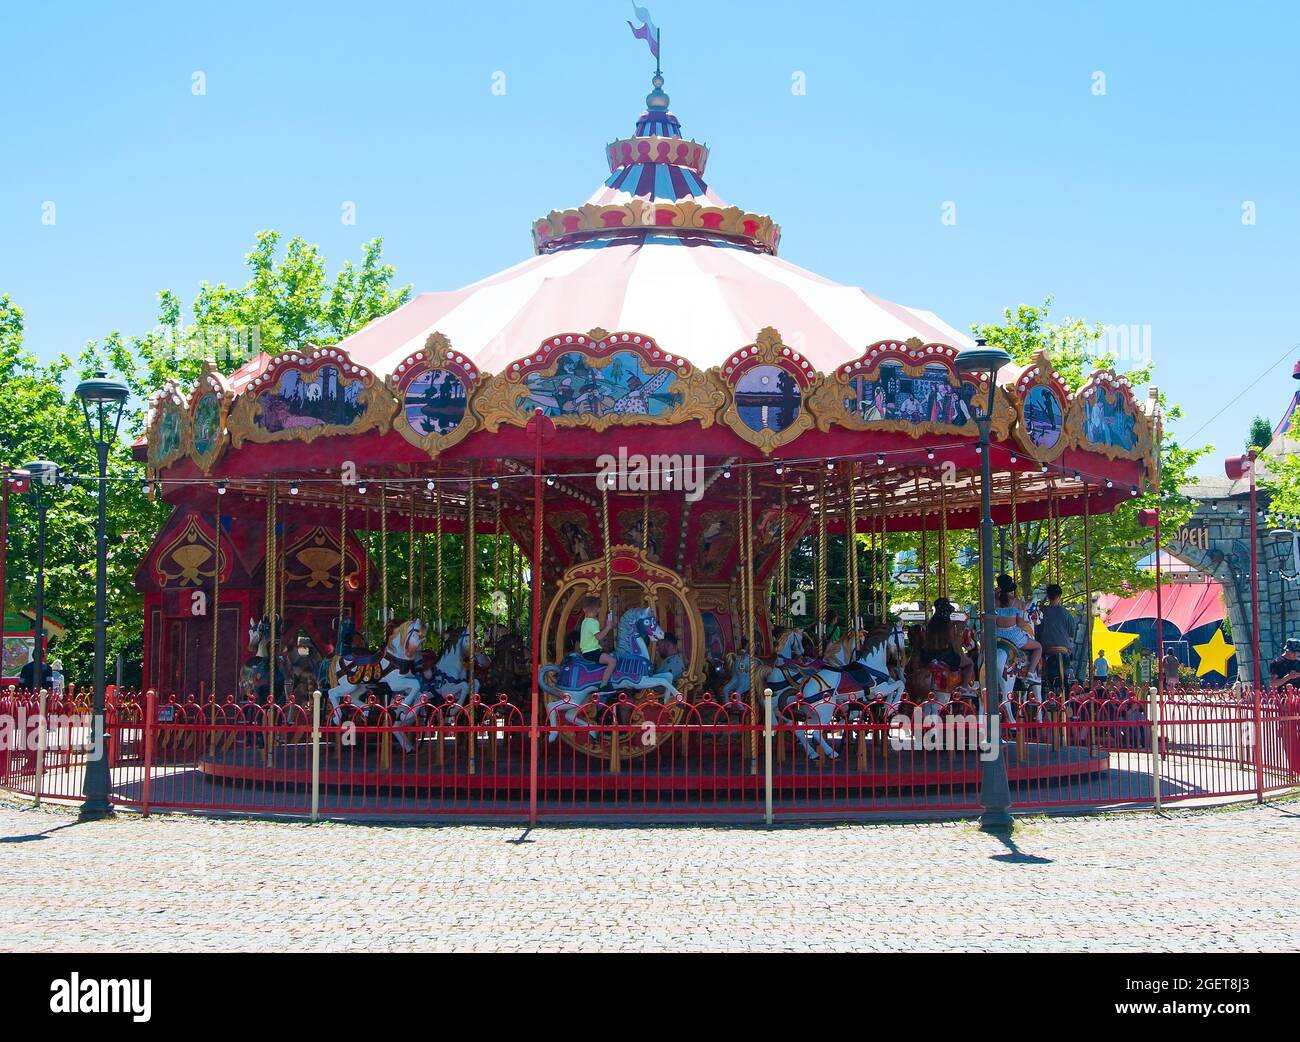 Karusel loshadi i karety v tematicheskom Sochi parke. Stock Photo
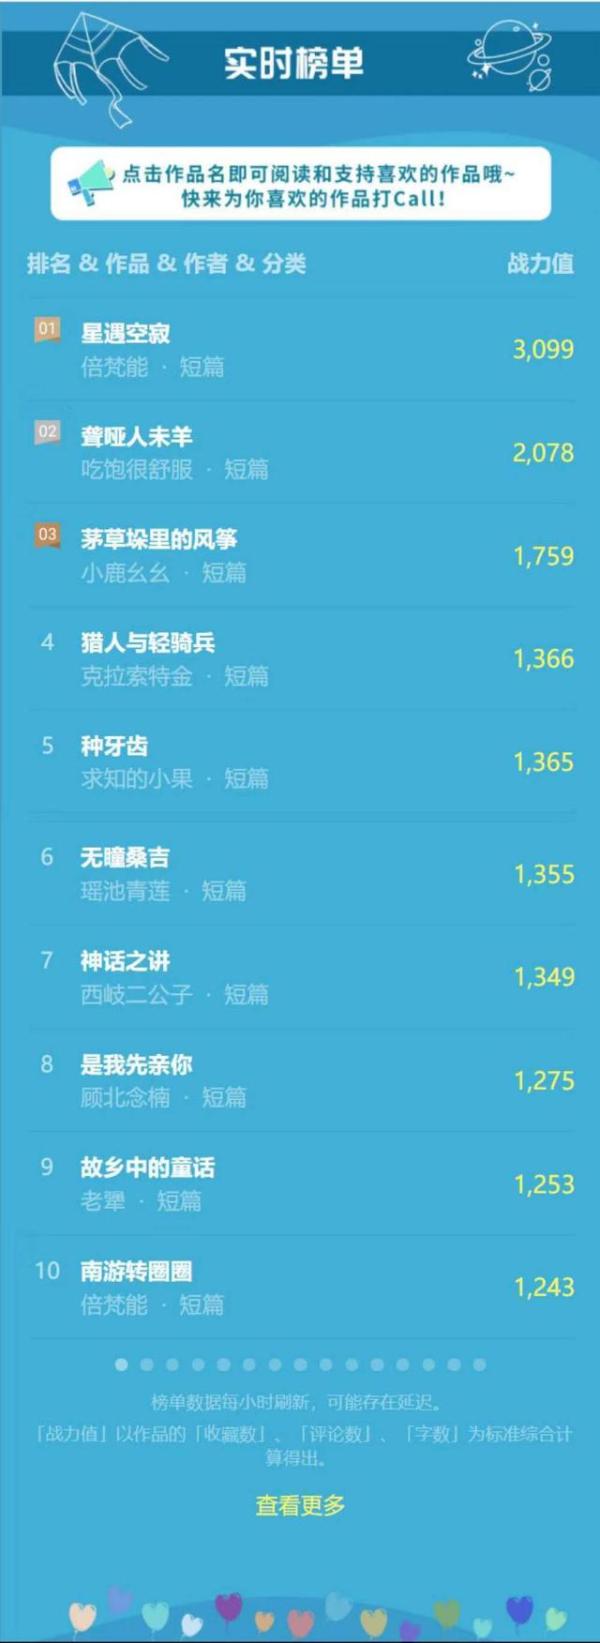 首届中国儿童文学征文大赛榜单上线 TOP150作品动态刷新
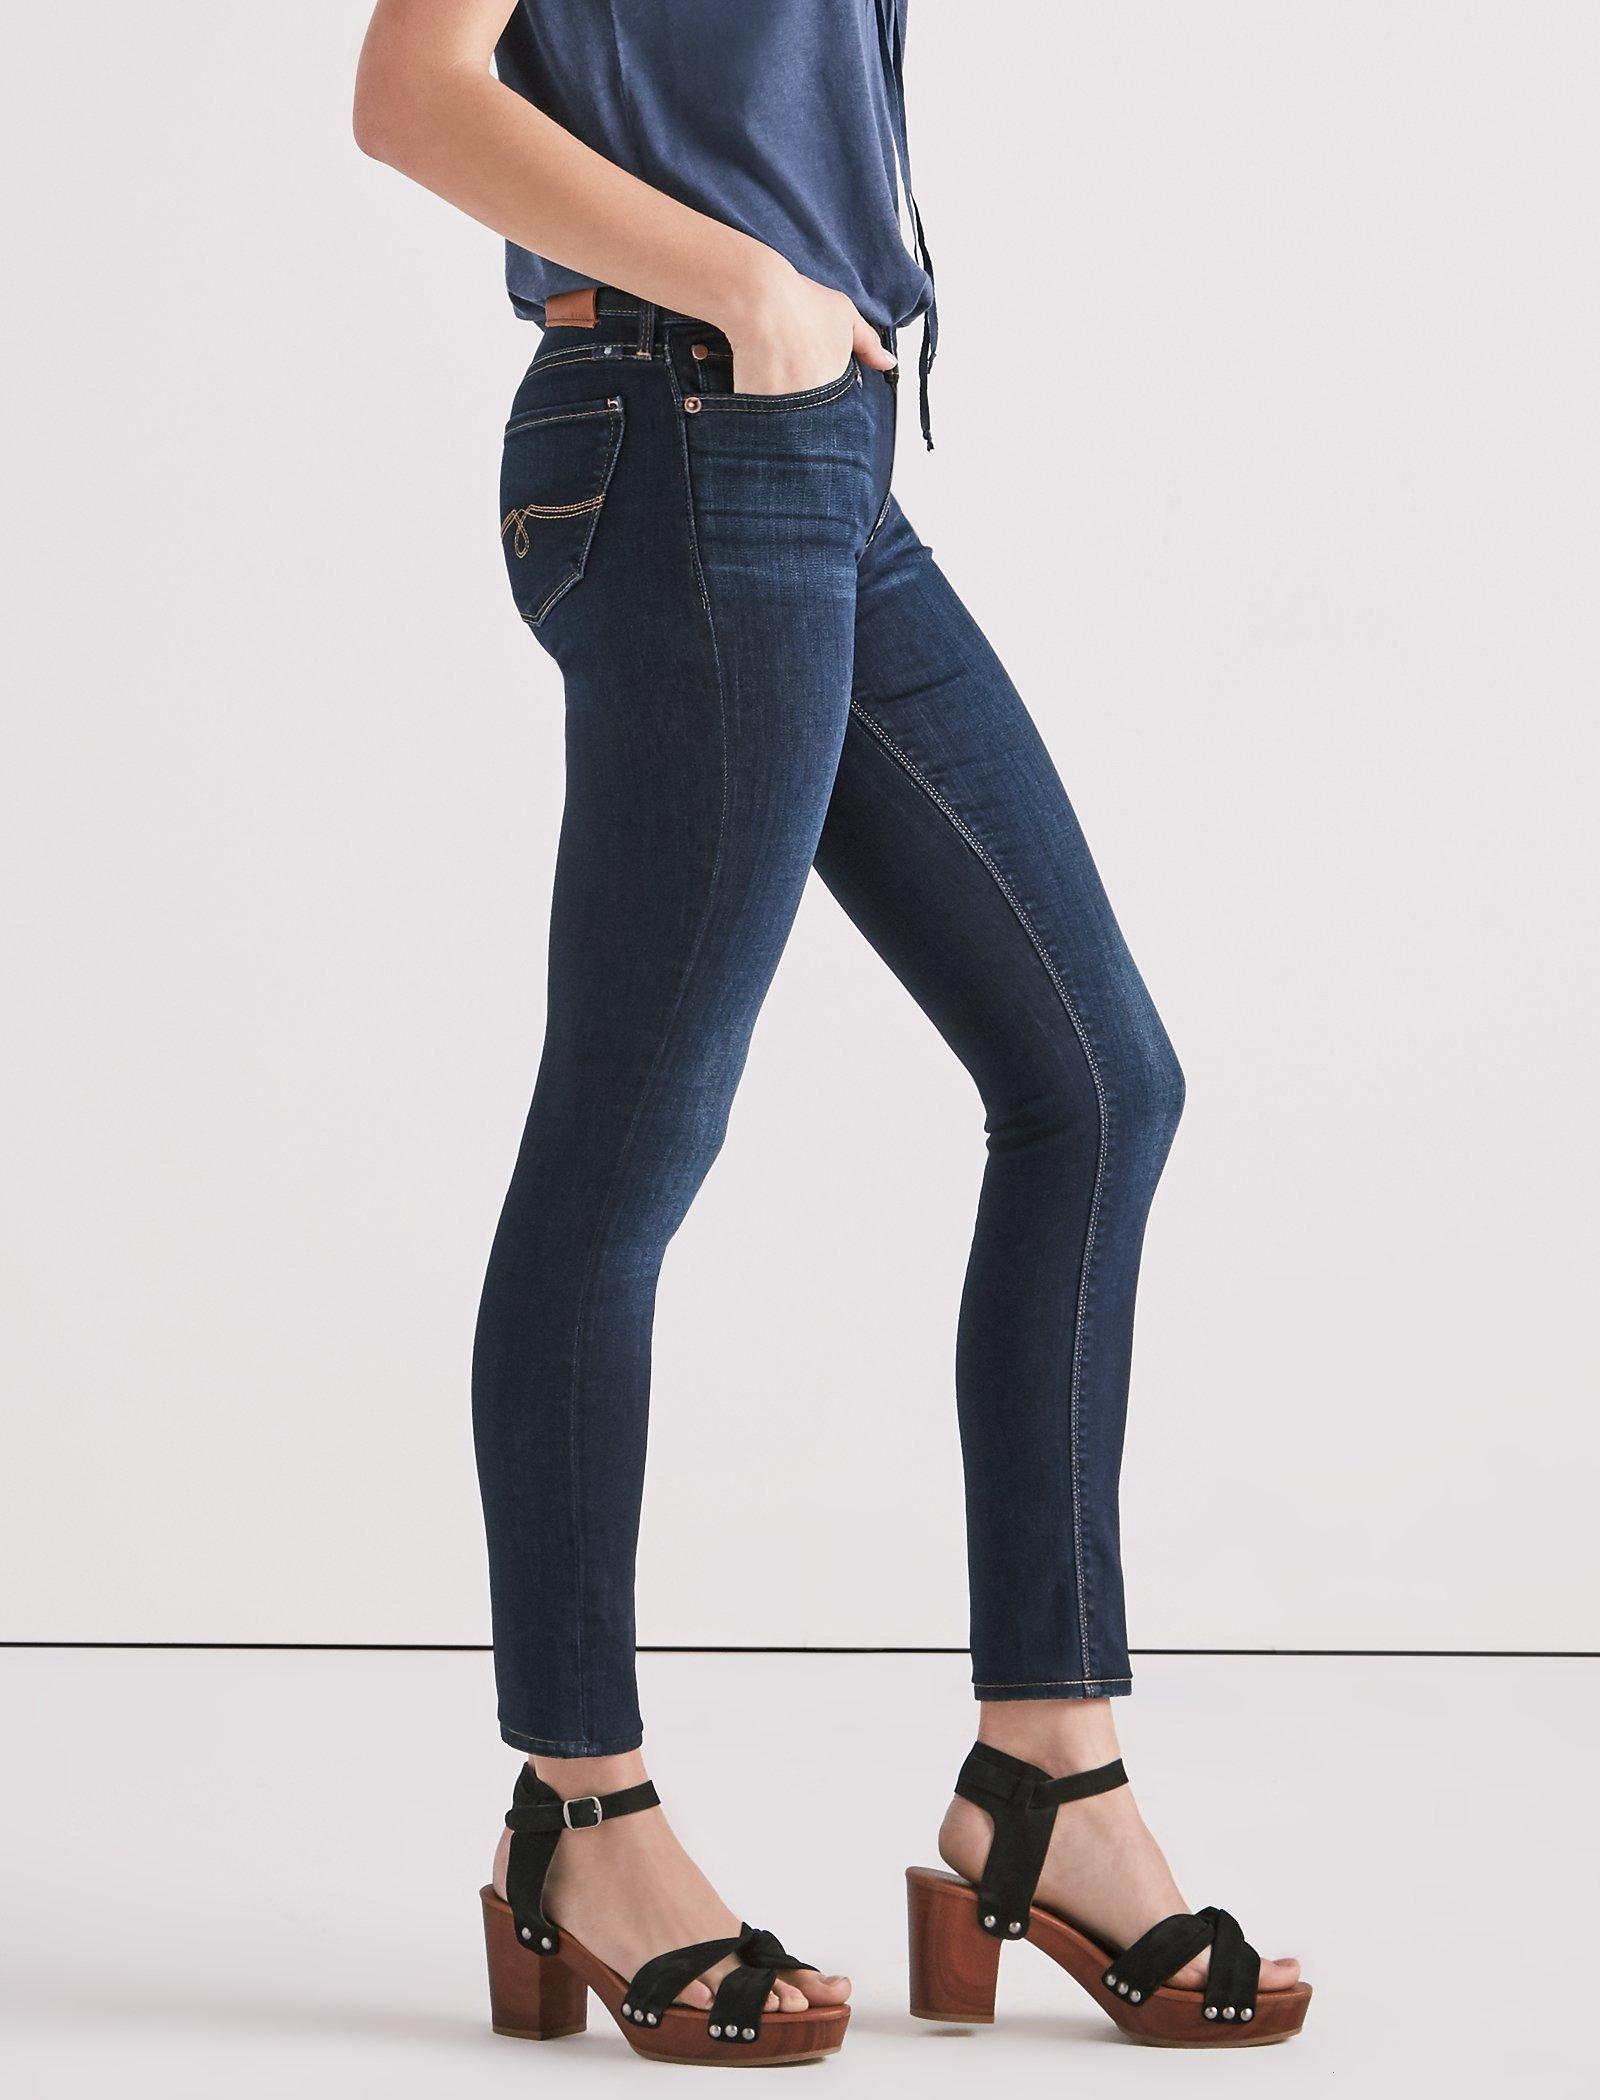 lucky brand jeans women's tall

------------

What is needed ▸ Hand back every line of the material, exactly, without the pictures.

Written answer ▸
 Karusel loshadi i karety v tematicheskom Sochi parke. Stock Photo
 首届中国儿童文学征文大赛榜单上线 TOP150作品动态刷新
 lucky brand jeans women's tall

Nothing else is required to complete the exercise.